# What to produce:
Omit every picture. Return all other data as it stands.
Top of Data section
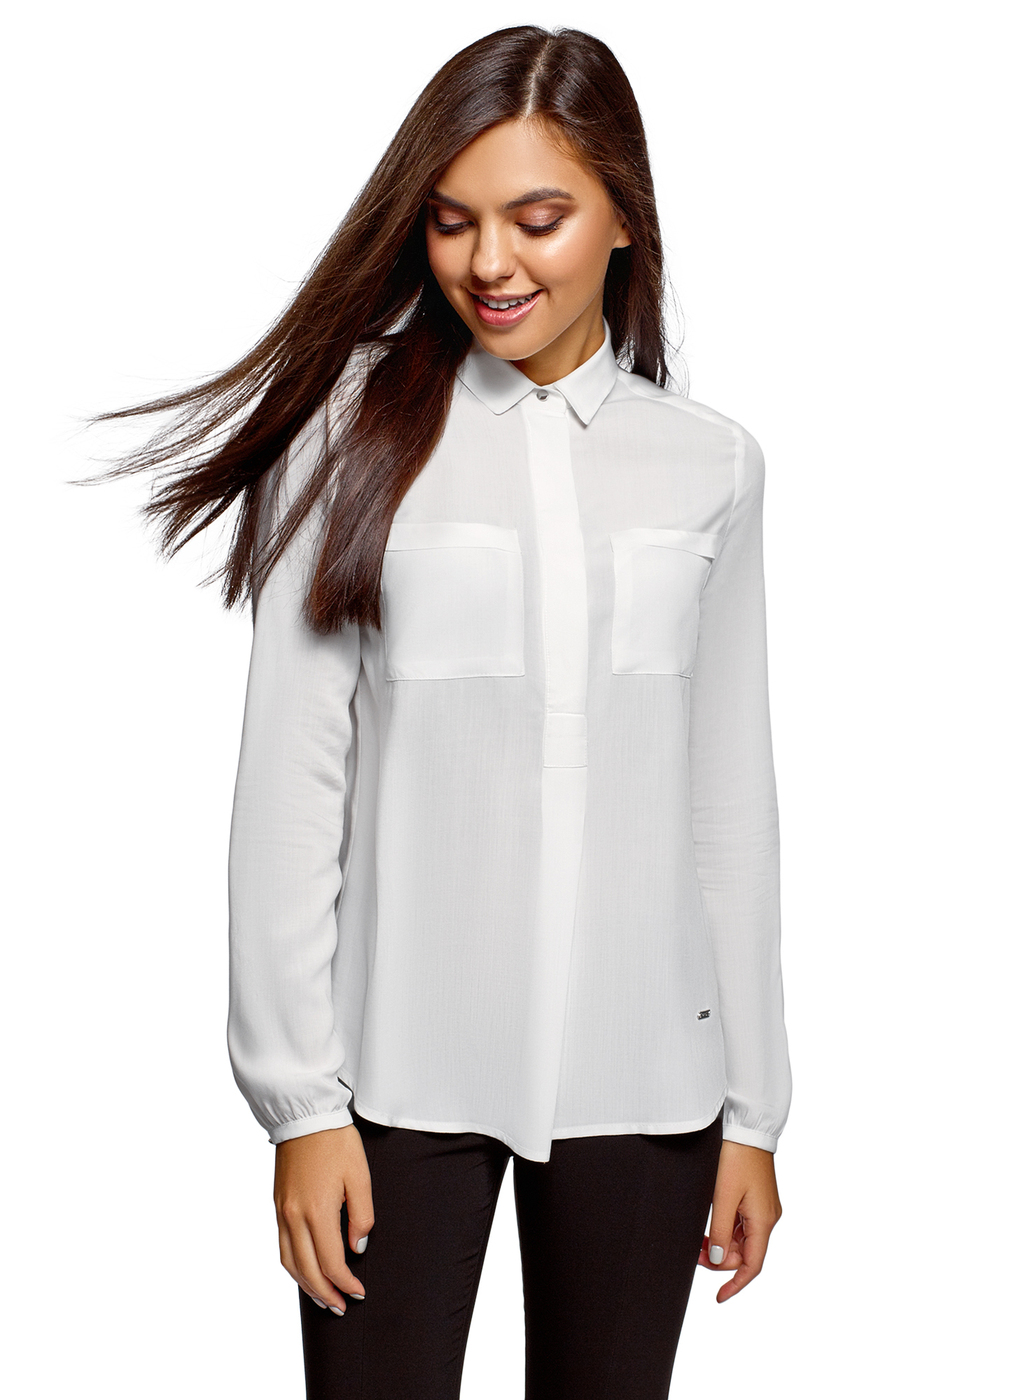 Купить женскую белую рубашку с длинным рукавом. Белая блузка oodji. Рубашка женская. Белая рубашка женская. Белая блузка женская.
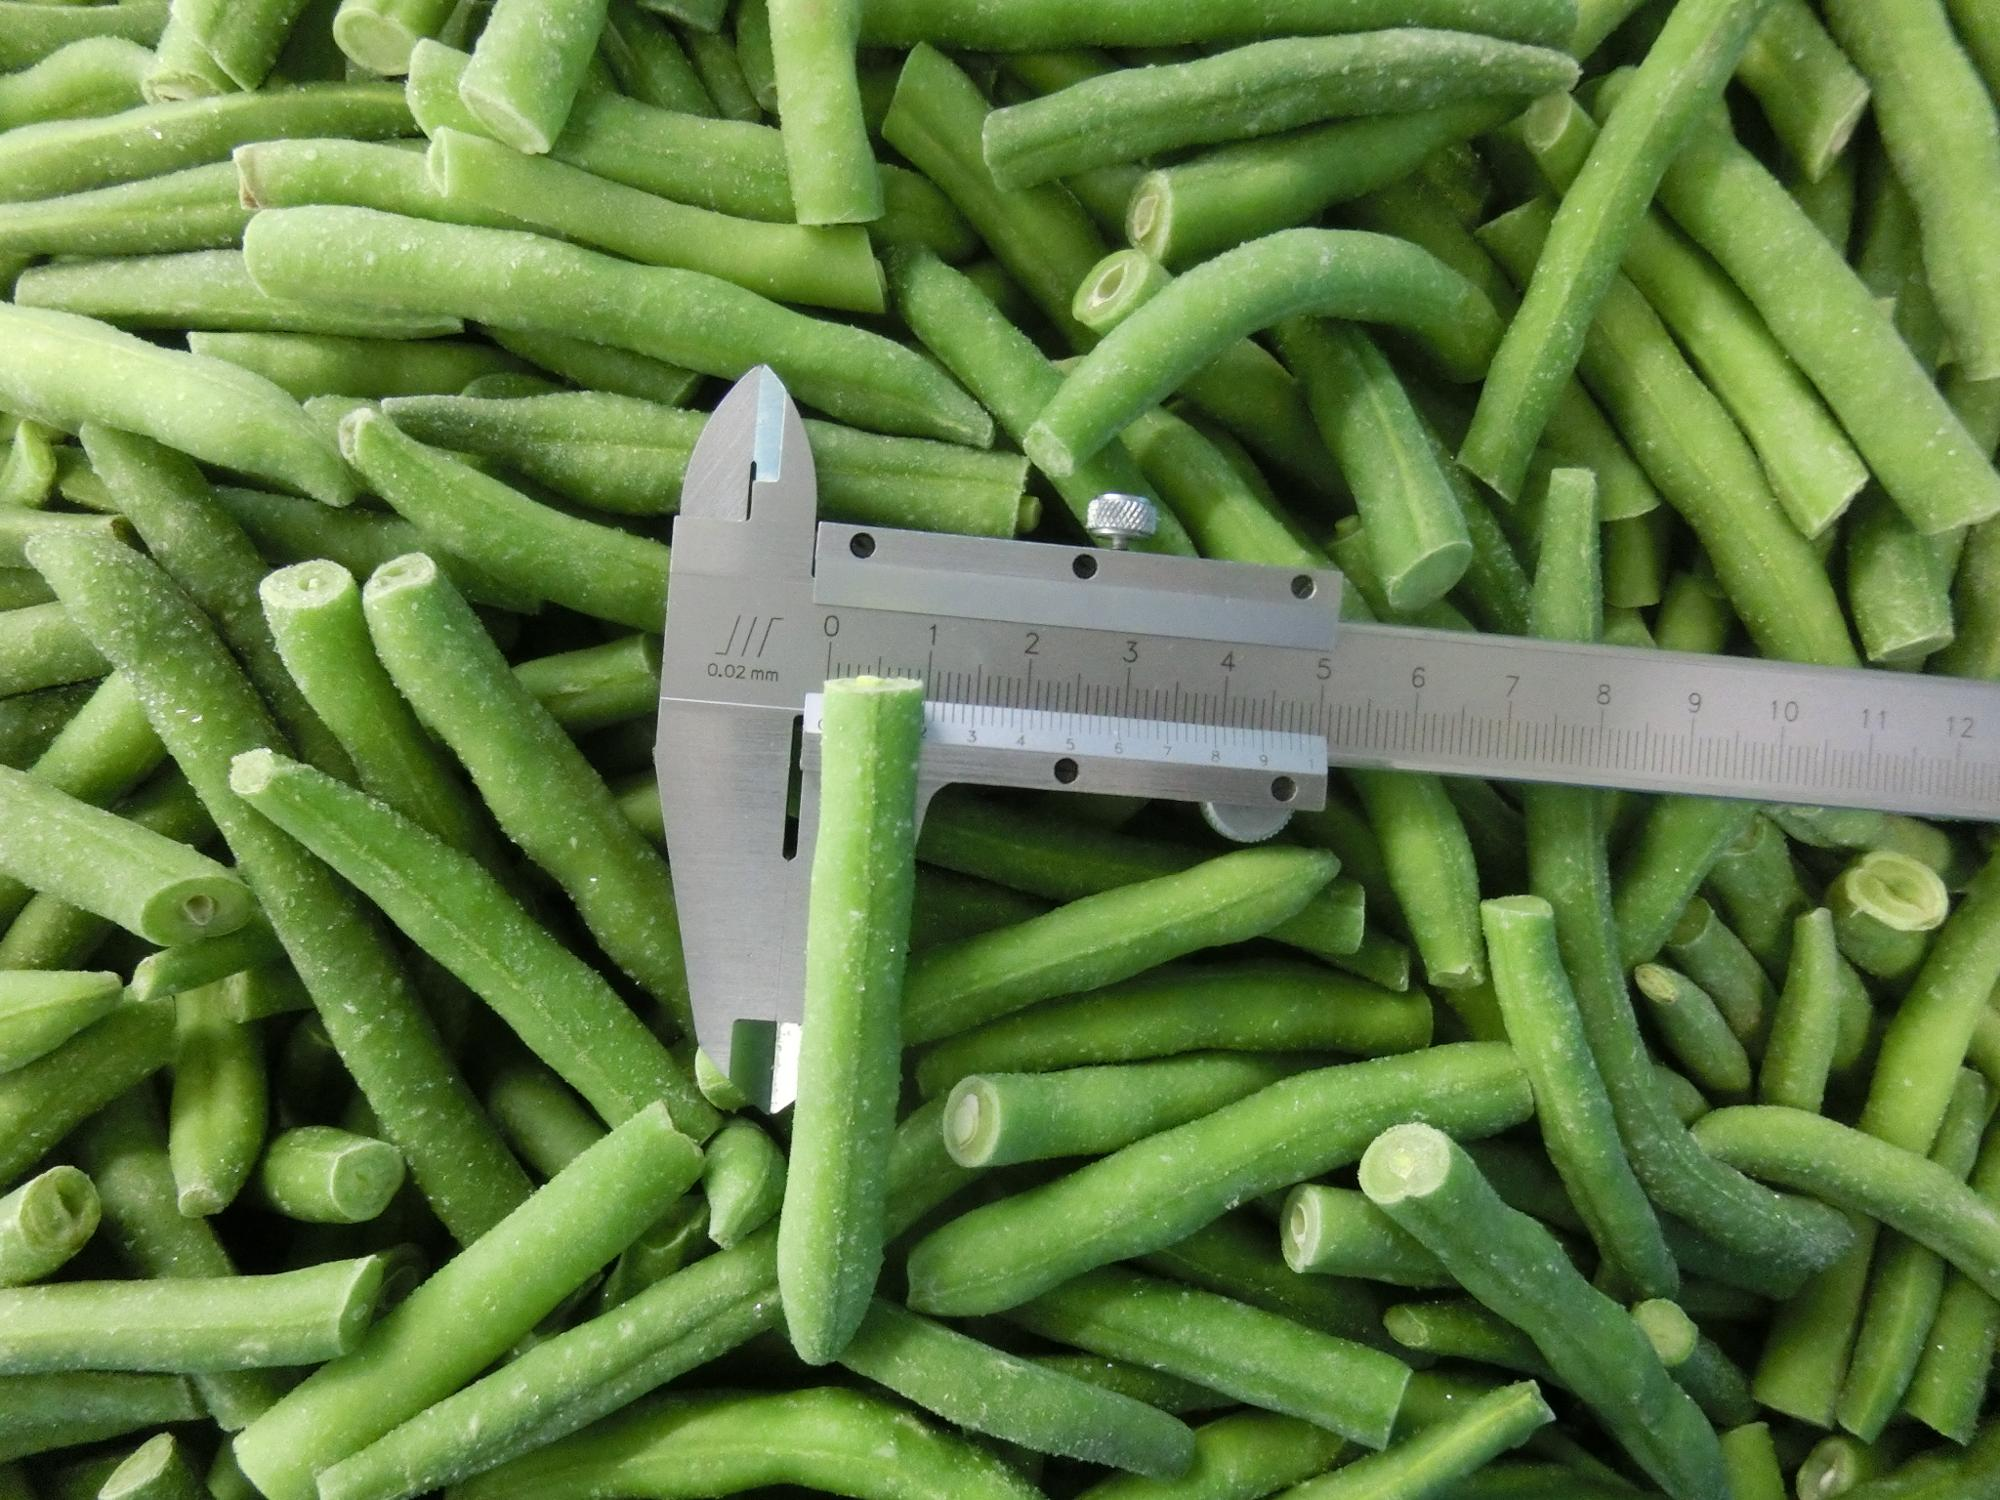 Frozen Organic Green Bean
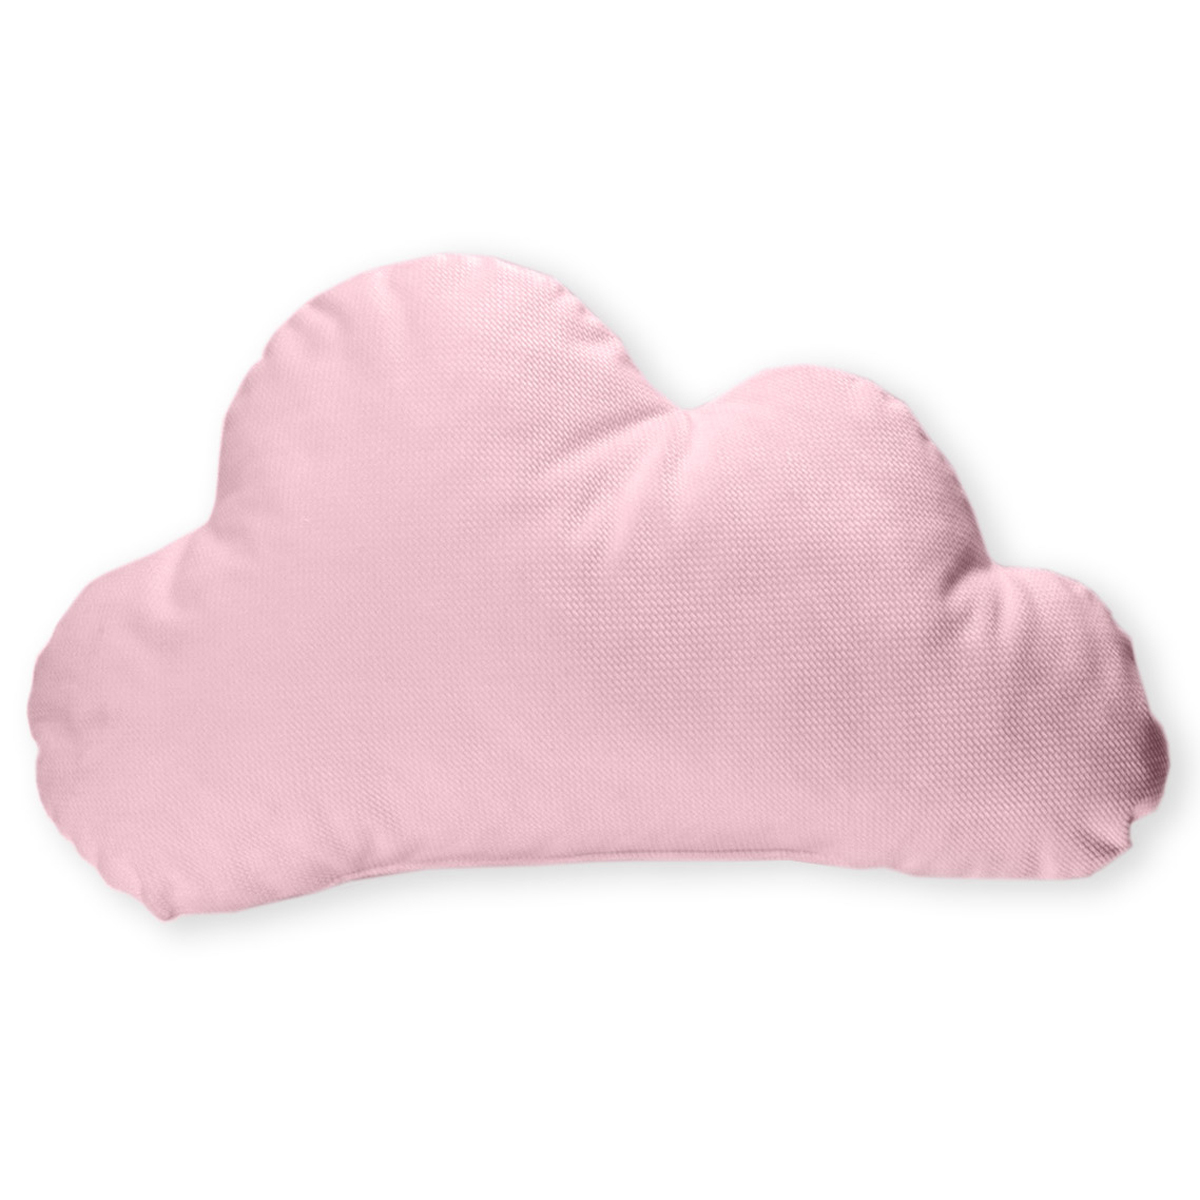 Διακοσμητικό Μαξιλάρι (45×26) Baby Oliver Σύννεφο Ροζ Des 131 166996
Bottom of Data section
# Exercise response:
 Купить женскую белую рубашку с длинным рукавом. Белая блузка oodji. Рубашка женская. Белая рубашка женская. Белая блузка женская.
 Frozen Organic Green Bean
 Διακοσμητικό Μαξιλάρι (45×26) Baby Oliver Σύννεφο Ροζ Des 131 166996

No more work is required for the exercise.